RAMONA. 2022, Andrea Bagney

Andrea Bagney consigue sacar adelante su primer largometraje desde la más absoluta independencia, con mucha más voluntad que medios. Y soluciones ingeniosas: a través de una empresa de hostelería se constituye Tortilla Films para dar soporte a la producción de Ramona, una película que sigue la estela del subgénero mumblecore y en especial de uno de sus títulos más celebrados, Frances Ha. Al igual que en esta, Bagney elige como protagonista a una mujer que ronda la treintena, en plena crisis de madurez y cuyas posibilidades profesionales y afectivas se tambalean ante la falta de perspectivas de futuro, un retrato contemporáneo de buena parte de la población que debe lidiar con la precariedad. Lo mejor de Ramona es que la crónica del presente se hace sin épica ni acritud, desde lo cotidiano y con afán naturalista, pues la ausencia de ambiciones hace que el conjunto resulte cercano.

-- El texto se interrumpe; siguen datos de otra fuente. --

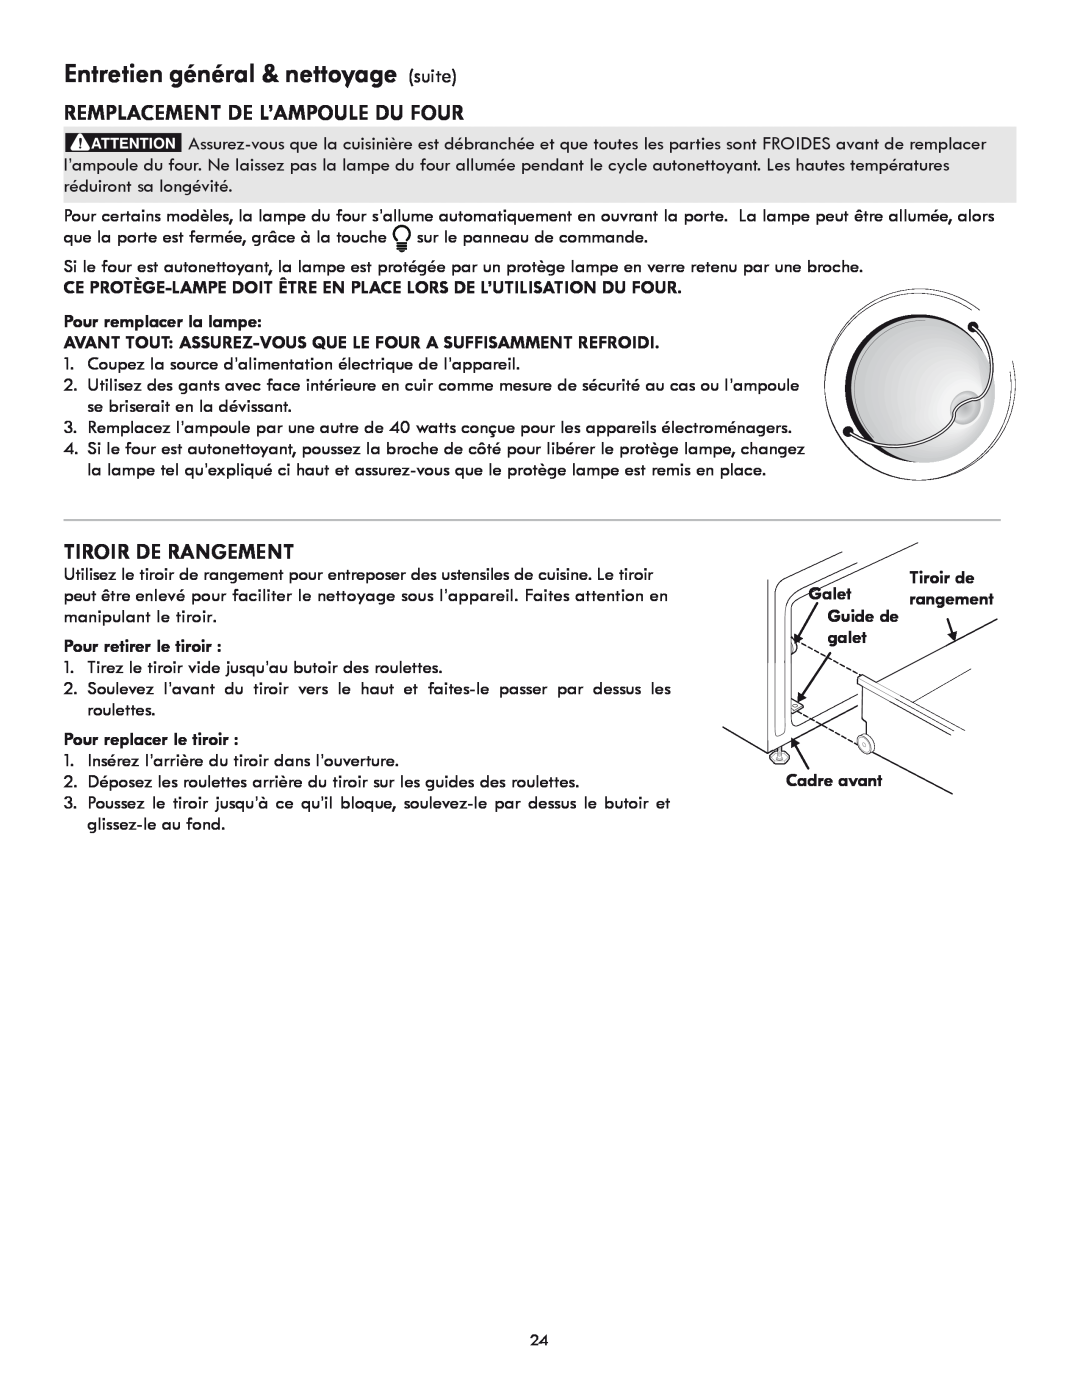 Kenmore 318205869A manual Entretien général & nettoyage suite, Remplacement de l’ampoule du four, Tiroir de rangement

La directora también escribe el guion, dividido en capítulos que se corresponden con diferentes momentos de la relación de Ramona con su novio y con un cineasta que acaba de conocer y con el que se embarca en un proyecto incierto. Los tres personajes están interpretados por Lourdes Hernández (más conocida por su sobrenombre musical, Russian Red, quien también debuta en el formato largo), Francesco Carril y Bruno Lastra. Actores que proporcionan la medida exacta de frescura que precisan sus personajes y que hacen suyos los abundantes diálogos, ya que la película está conducida por conversaciones constantes que marcan el comportamiento y la evolución del trío principal. No hay muchos más personajes porque la elocuencia de la palabra compensa el minimalismo de los demás elementos: pocos escenarios, pocas situaciones e incluso poca duración, apenas ochenta minutos en los que transcurre la historia sin prisa pero sin pausa, buscando un ritmo cercano al de la vida contada con sencillez.

Ramona no exhibe alardes de planificación y adolece de un sonido demasiado pobre ya que, en general, predomina una sensación de inmediatez y de austeridad que a lo largo de la narración se convierte en estilo. En ocasiones, recuerda a aquellas primeras películas de Colomo y Trueba que lo mismo miraban a Woody Allen como a la nouvelle vague o a los clásicos de la comedia norteamericana, algo de todo ello se encuentra en Ramona, así como de homenaje al cine. No en vano comienza y termina en el Doré de Madrid, una sala que se suma a los paisajes céntricos de la ciudad en calidad no solo de trasfondo urbano, sino también emocional.

Bagney filma las imágenes en 16 mm, lo cual ya es una toma de posición frente al hecho cinematográfico basada en la búsqueda de lo artesano y de cierta poética asociada al soporte, según ha declarado la propia autora. Pol Orpinell se encarga de la fotografía en blanco y negro que, eventualmente, se interrumpe por el color, y es que Ramona propone un metalenguaje de cine dentro del cine en el que la ficción aparece en color y la realidad en blanco y negro. Un recurso que no es nuevo, pero que la directora emplea con inteligencia y sensibilidad. Estos dos atributos se van consolidando a lo largo de la narración, ya que el episodio que abre la película es torpe y no parece augurar nada bueno... por fortuna, Ramona crece a ojos del espectador gracias al desparpajo de Andrea Bagney y al magnetismo que desprende Lourdes Hernández. Ella imprime su personalidad a Ramona y sostiene el film sobre su pequeña complexión y su mirada franca, sin ambages.